Non ho idea di cosa mi sia successo ultimamente: da non imprimere più nulla su carta. Da non cercare più i libri in biblioteca indirizzandogli il dito contro, quasi a volergli imporre di farsi amare. Ora, mormoro le iniziali nella mia testa, in un caos di lettere che formano frasi prive di senso; forse, per una qualche paura di solitudine.

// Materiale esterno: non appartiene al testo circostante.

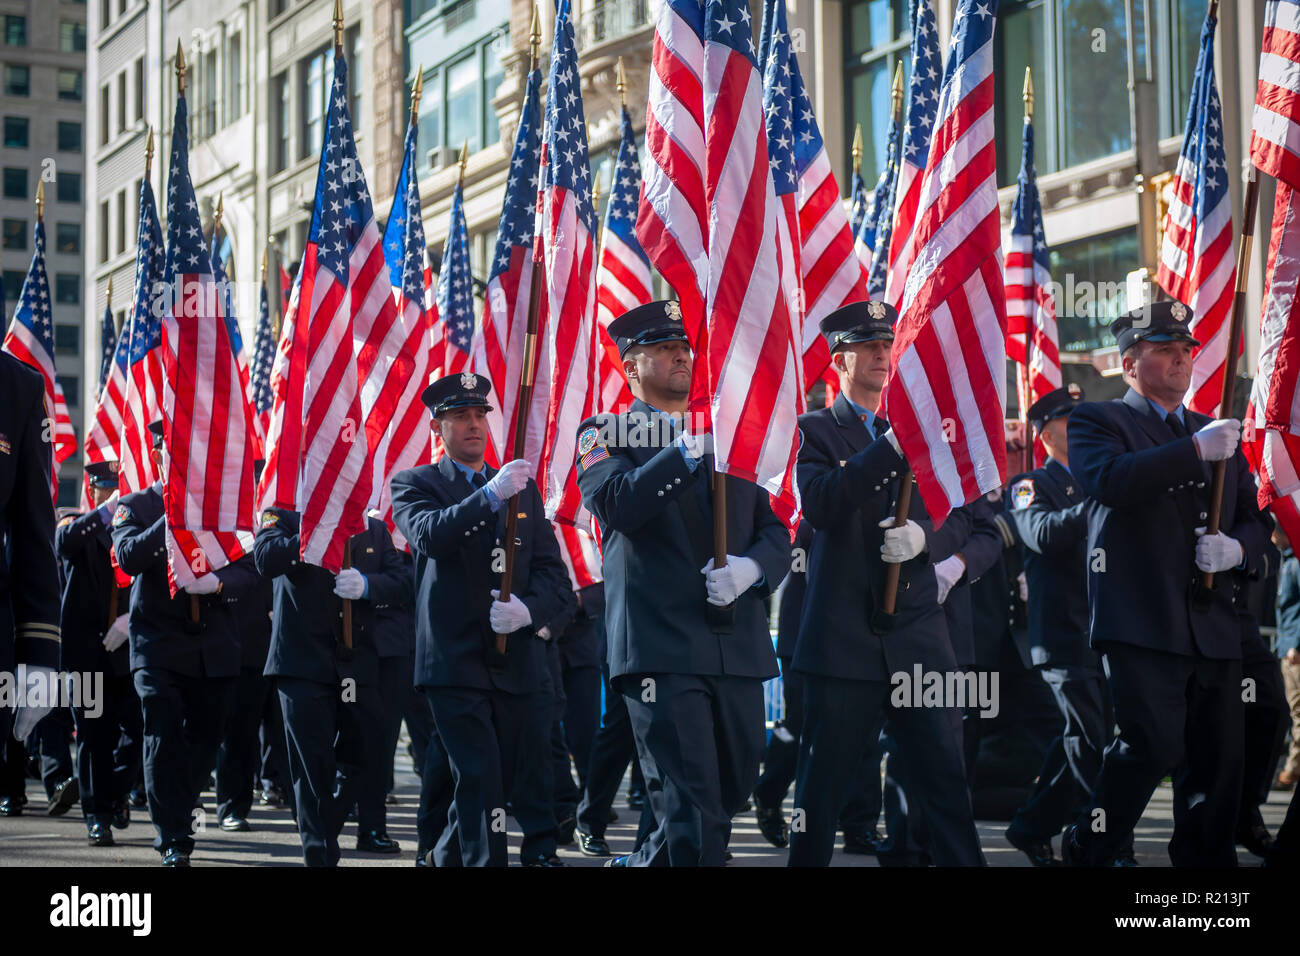 Members of the FDNY carry American flags on Fifth Avenue in New York during the Veterans Day Parade on Sunday, November 11, 2018.  Originally knows as Armistice Day, this year the holiday commemorates the 100th anniversary of the end of World War I. On the eleventh hour of the eleventh day of the eleventh month the guns fell silent in 1918 marking the end of World War I.  The holiday has been expanded to include all American soldiers from all wars. (Â© Richard B. Levine) Stock Photo

Non uso più la matita: odio le cose precarie, ed ho fiducia nel tempo, che possa chissà un giorno muoversi nell'altro senso. Mi viene da chiedermi perchè, se non ho nessuno a cui indirizzare, dedicare le mie parole, il mio cervello va in pensione... è perchè penso troppo, penso a quello che pensano gli altri, penso a ciò che penso io e che potrei pensare dal momento che non penso a nulla. Ne esce una malinconia di melassa che si appiccica ai sogni e non se ne va: la pioggia è vana, le lacrime pure. La pioggia, poi, se ne frega, lo fa sempre. E voi lo sapete l'effetto che ha su di me, che ancora non capisco perchè, se il cielo piange, devo farlo pure io.
Che tristezza, questi sogni che un po' sono veri e un po' è andata come è andata e forse me ne reando conto solo ora che, se torna, non è che torni pure te... adesso basta, giuro che ho tante, troppe cose ancora da scrivere, da dire e che so mi basterebbe anche solo scrivere "ciao" e già mi sentirei meglio. "Ti va di parlare? È più di un anno che non lo facciamo, tanto tempo, forse troppo." Il problema è che non voglio finire per scriverlo in modo banale. Pretendo di dire qualcosa che non vi stufiate ma di leggere, che qualcuno magari simile a tratti a me cerca, perchè ha forse bisogno di sentirsela dire, di sè stesso. Affinchè si possa sentire meglio, che, dal momento in cui chi legge sta meglio, colui che scrive sta da Dio.